- [Information supplied]:
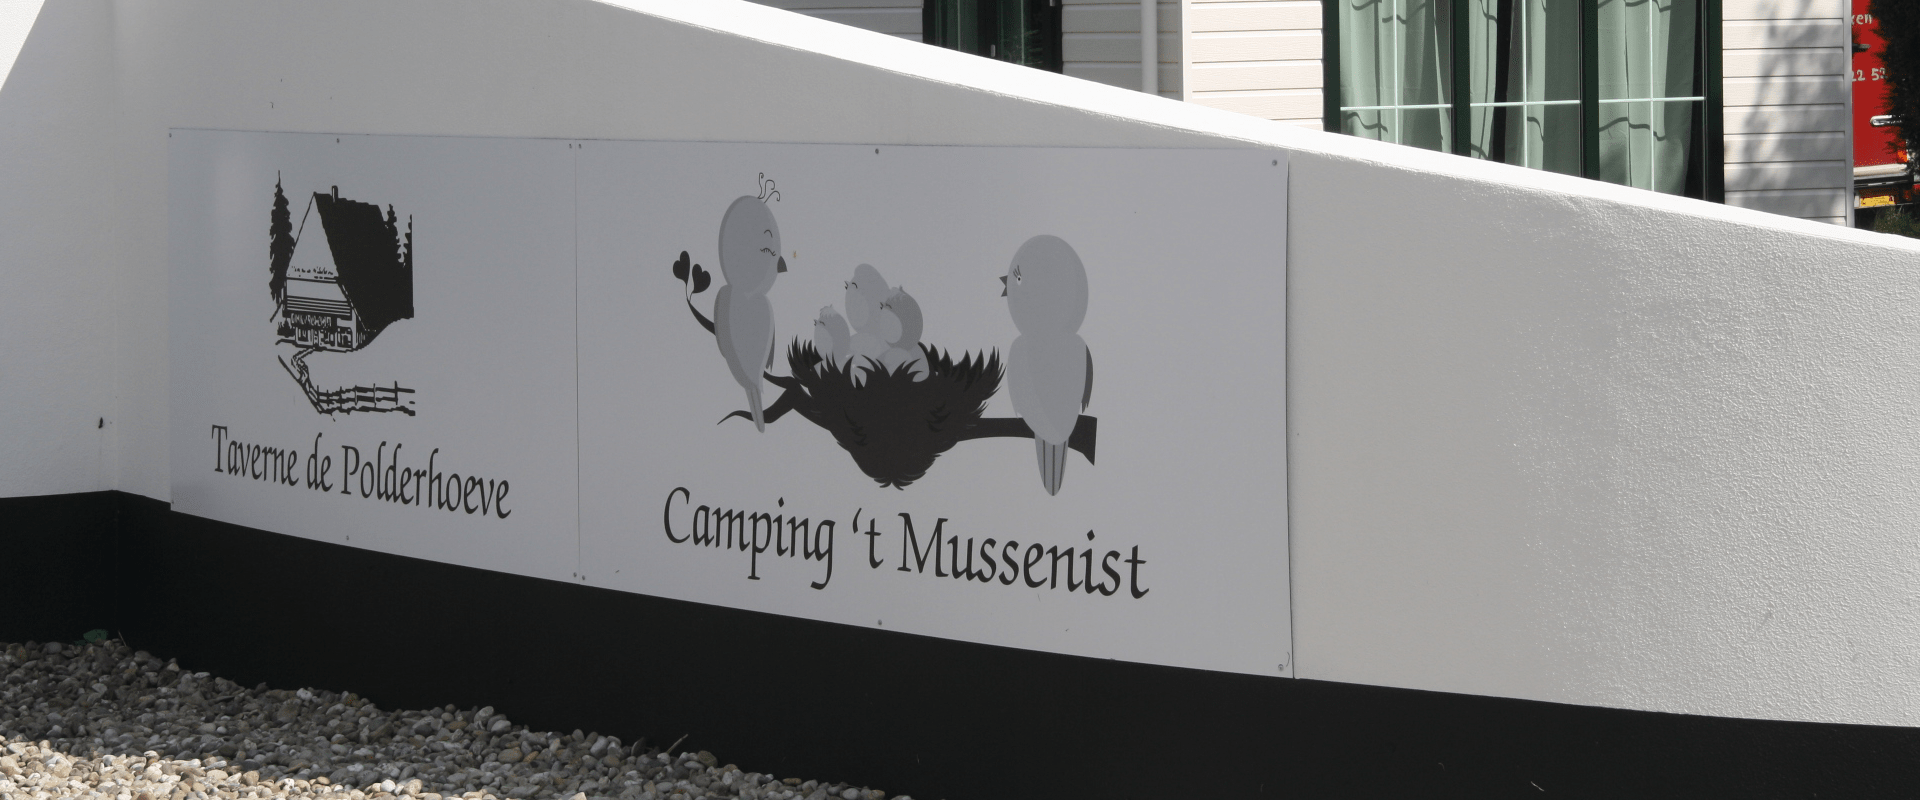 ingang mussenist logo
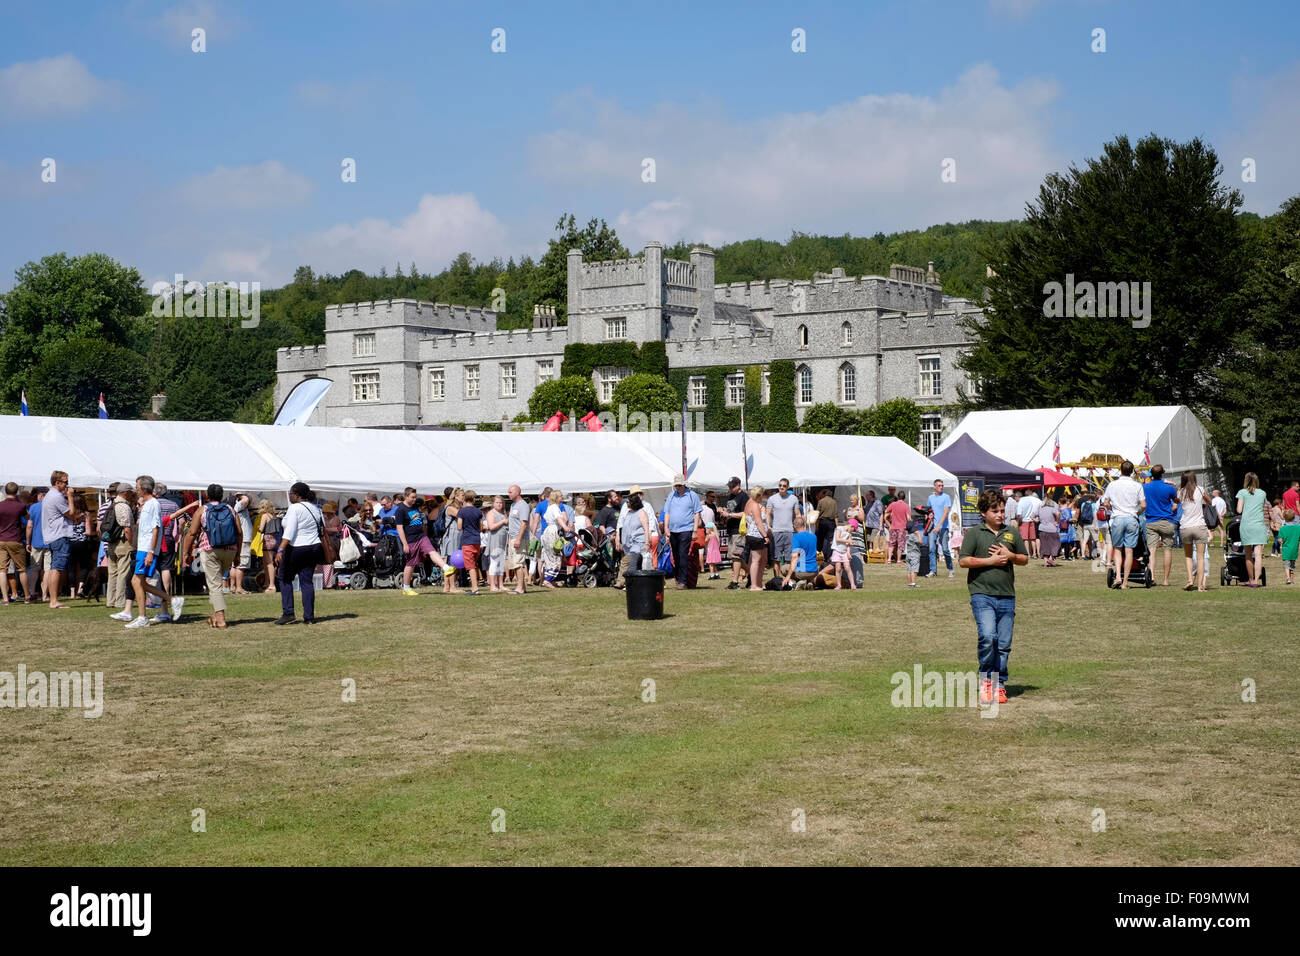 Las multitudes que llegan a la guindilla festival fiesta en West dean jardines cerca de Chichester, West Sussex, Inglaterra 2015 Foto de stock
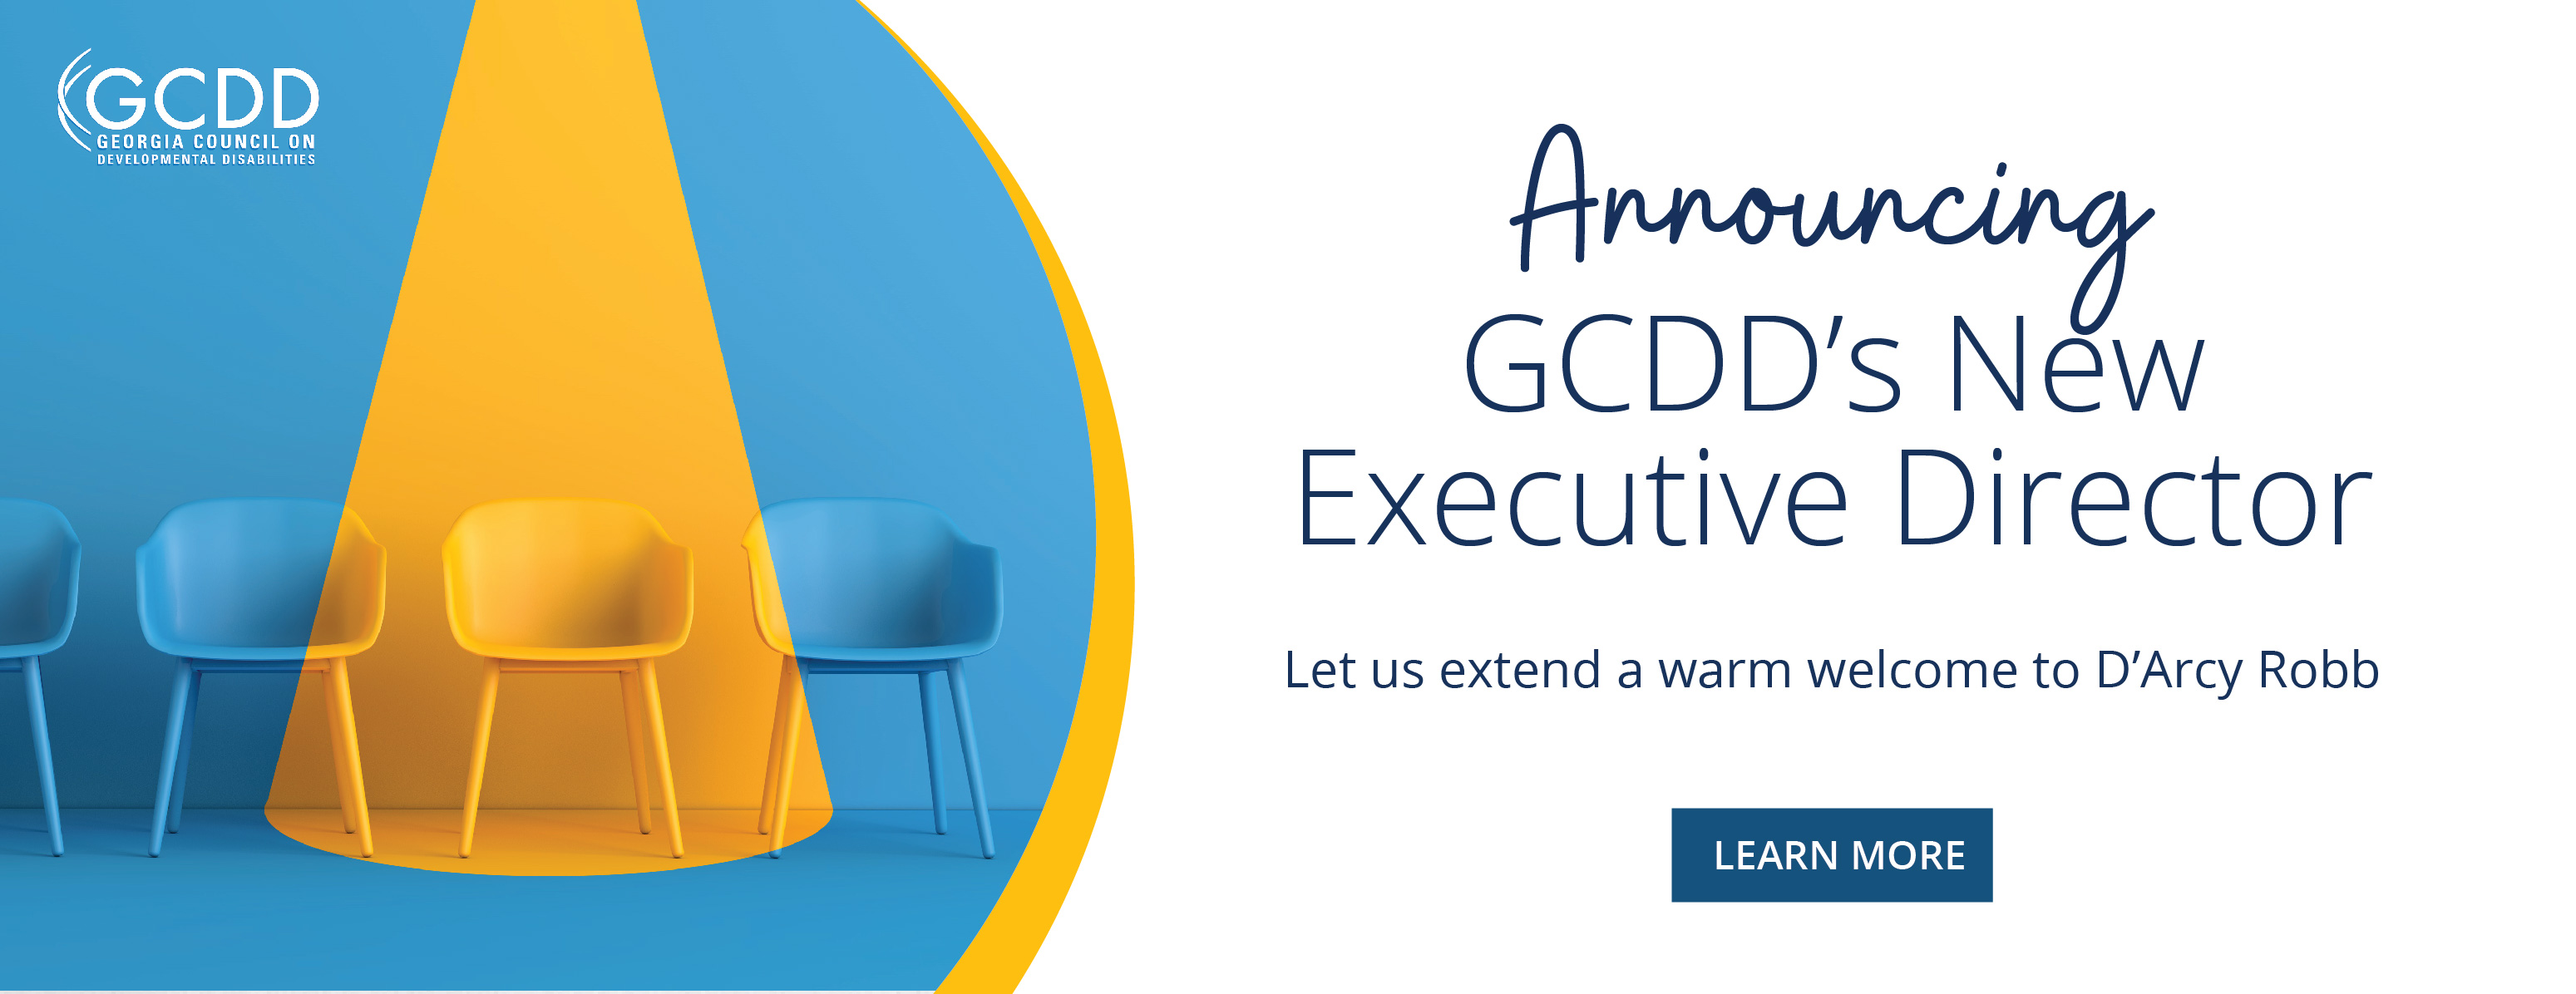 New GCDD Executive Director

- [What the task asks]: Would you give the material back exactly, minus the pictures?

- [Expected answer]:
 ingang mussenist logo
 Las multitudes que llegan a la guindilla festival fiesta en West dean jardines cerca de Chichester, West Sussex, Inglaterra 2015 Foto de stock
 New GCDD Executive Director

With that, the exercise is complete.